Processors inherit from a common BatchProcessor that finds markdown files, reads and transforms content, and writes changes while producing a standardized ProcessingResult. Key modules include a WikilinkExtractor that builds link and backlink indexes, a TagNormalizer for inline and frontmatter tags with rule-driven transforms, and a FrontmatterProcessor that performs add/remove/update/validate/template operations.
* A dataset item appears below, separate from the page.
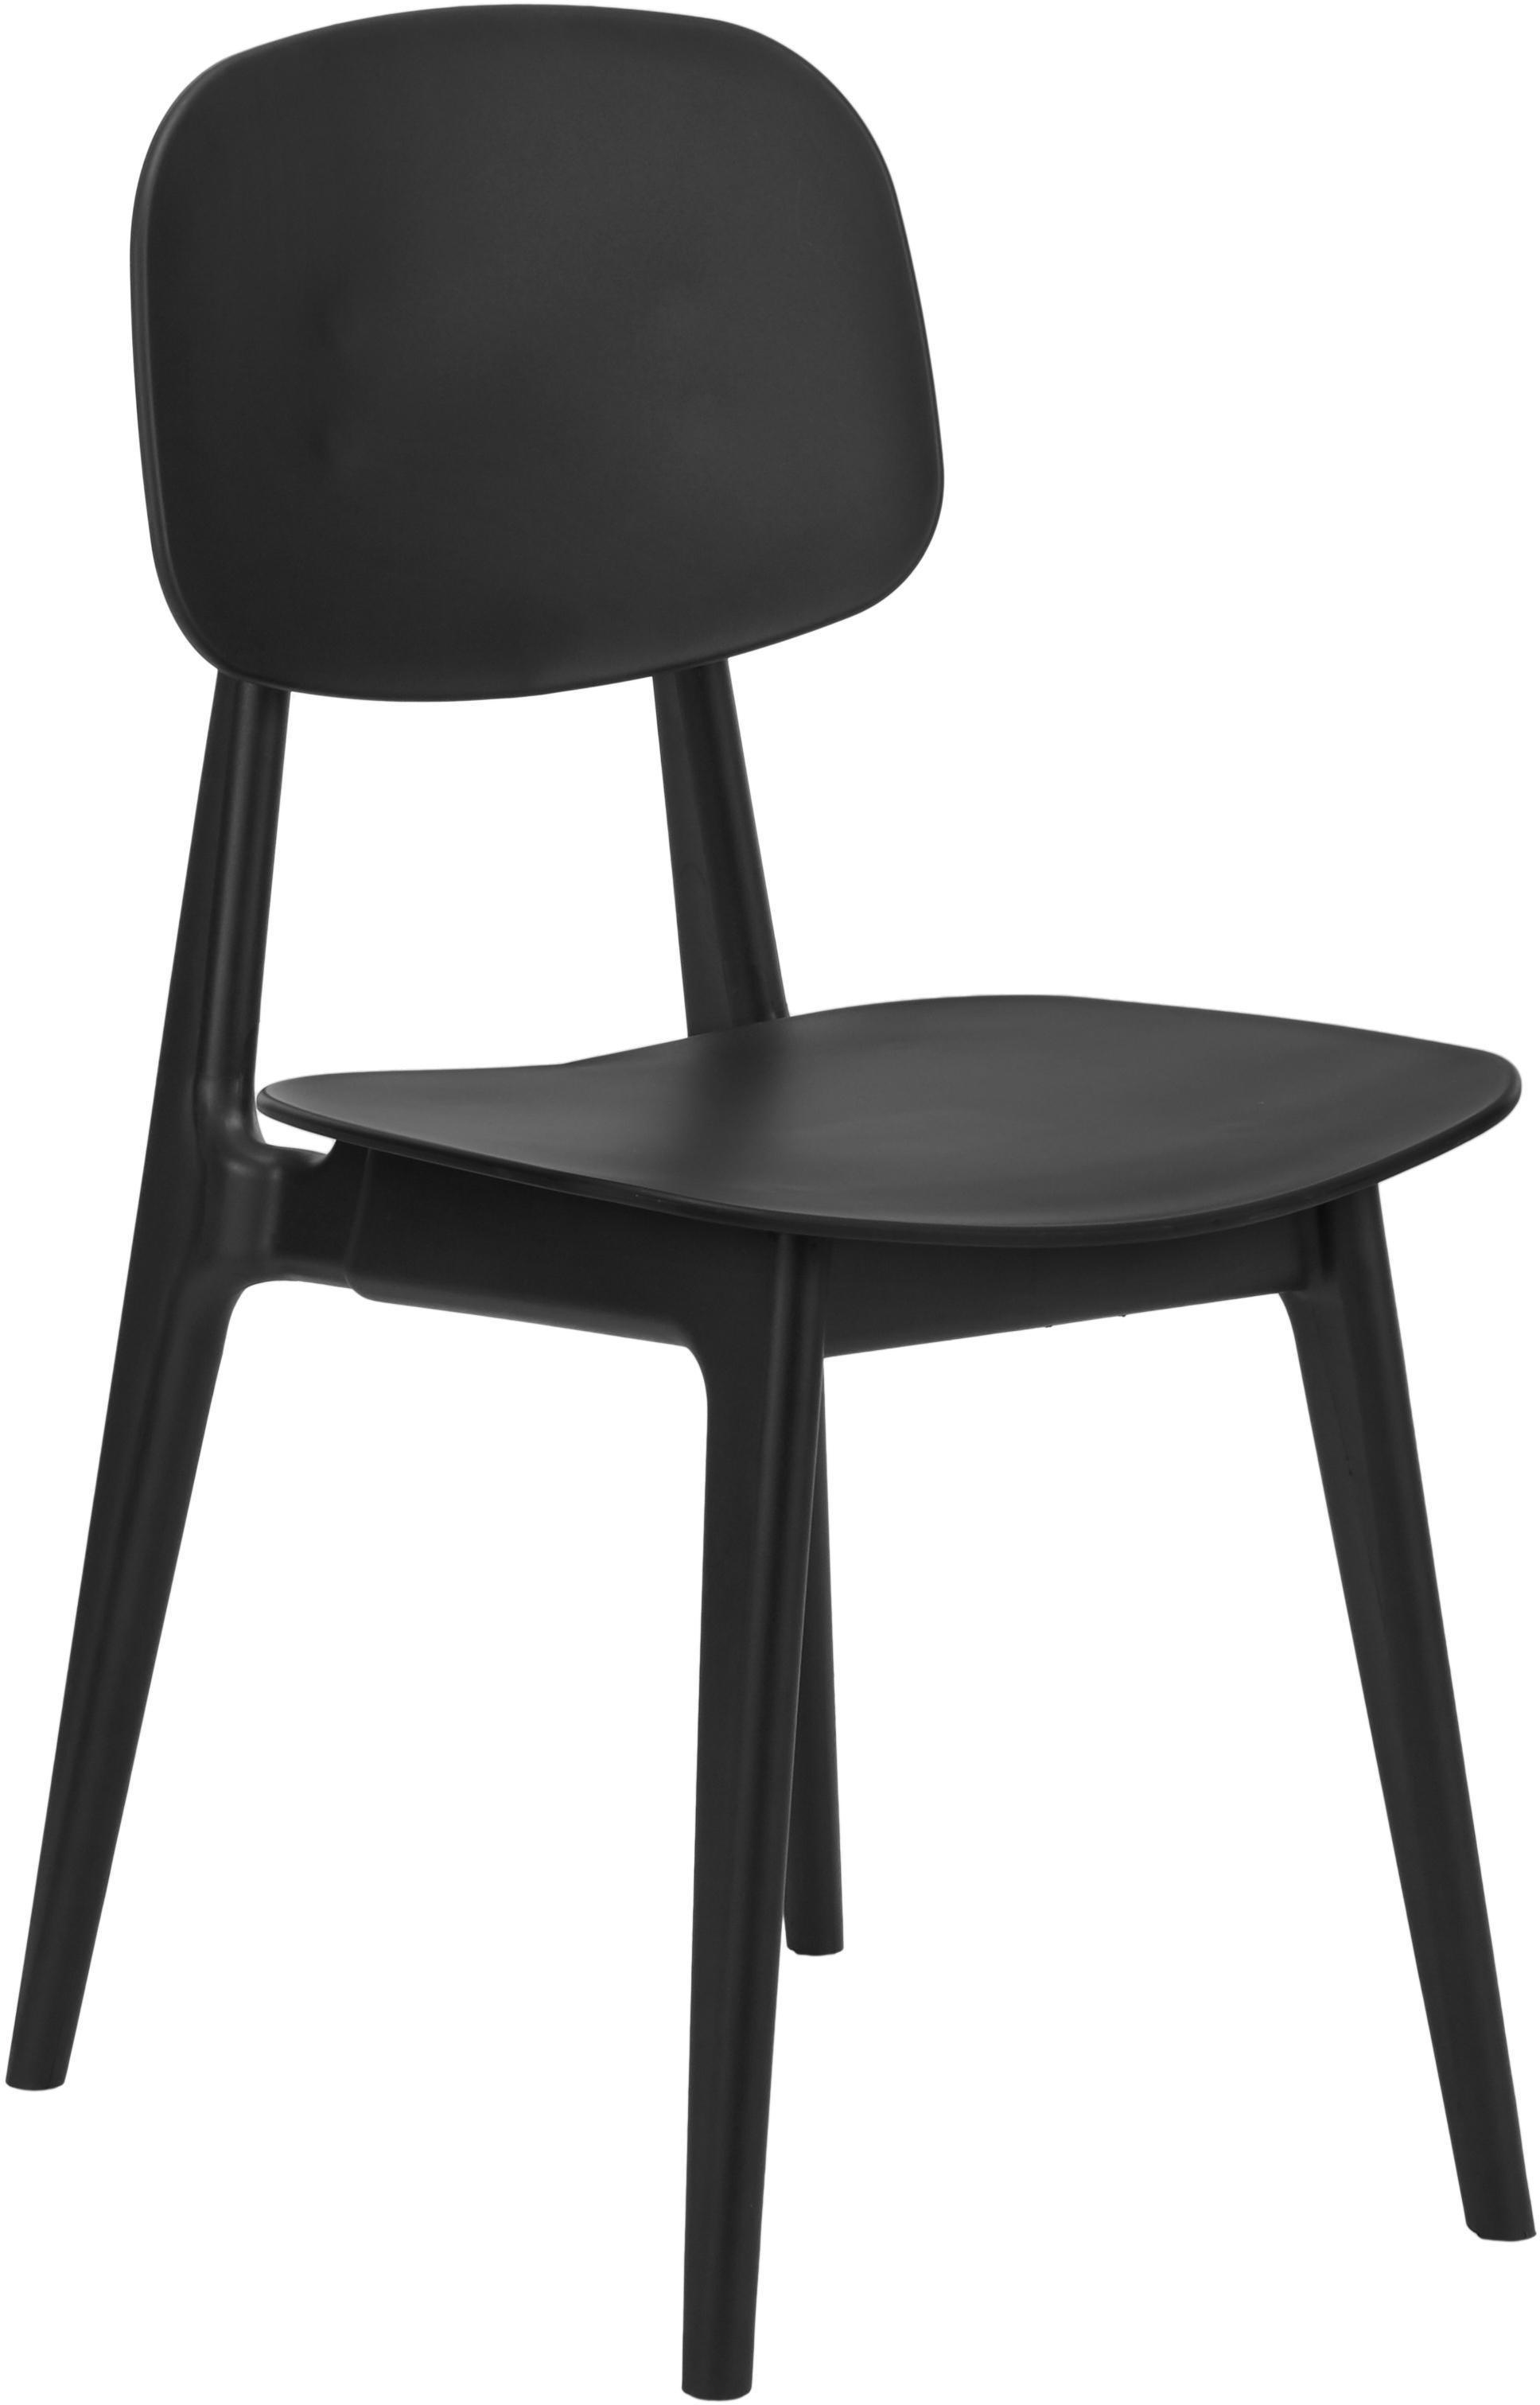 Sillas de plástico Smilla, 2uds., Asiento: plástico, Patas: metal, con pintura en pol, Negro mate, An 43 x F 49 cm

Safety features include --dry-run, automatic .bak backups, VaultContext rollback on exceptions, and pre-write validation; outputs are JSON-ready for integration.

When to use it

  • Standardize tags across an entire vault before sharing or exporting
  • Audit and repair broken or orphaned wikilinks and build a link graph
  • Apply or enforce frontmatter templates and metadata policies
  • Run vault-wide migrations after bulk imports or structural changes
  • Generate reports for validation and downstream processing by other tools

Best practices

  • Always run with --dry-run first to preview changes and catch unexpected transforms
  • Version-control your vault and rely on automatic .bak files for an extra safety layer
  • Use JSON rule files for tag mappings to ensure reproducible migrations
  • Combine processing with obsidian-markdown validation to catch syntax issues before commit
  • Run targeted processors on subsets (folders or globs) before scaling to the whole vault

Example use cases

  • Normalize all tags to lowercase, preview with --dry-run, then apply across the vault
  • Extract a full wikilink index, find broken links, and export a graph.json for analysis
  • Apply an article frontmatter template to newly imported notes after CSV/JSON ingestion
  • Detect orphaned notes and generate a report for content cleanup
  • Perform a controlled rename of a top-level note using LSP-enabled recursive backlink updates

FAQ

Can I preview changes without modifying files?

Yes — use --dry-run to simulate all changes and produce reports without writing files.

How does rollback work if something fails mid-run?

Processors use VaultContext which creates backups before writes and will revert to backups if an exception occurs.

Can I apply complex tag mappings?

Yes — TagNormalizer accepts a JSON rules file with regex patterns and replacements for deterministic, case-aware mappings.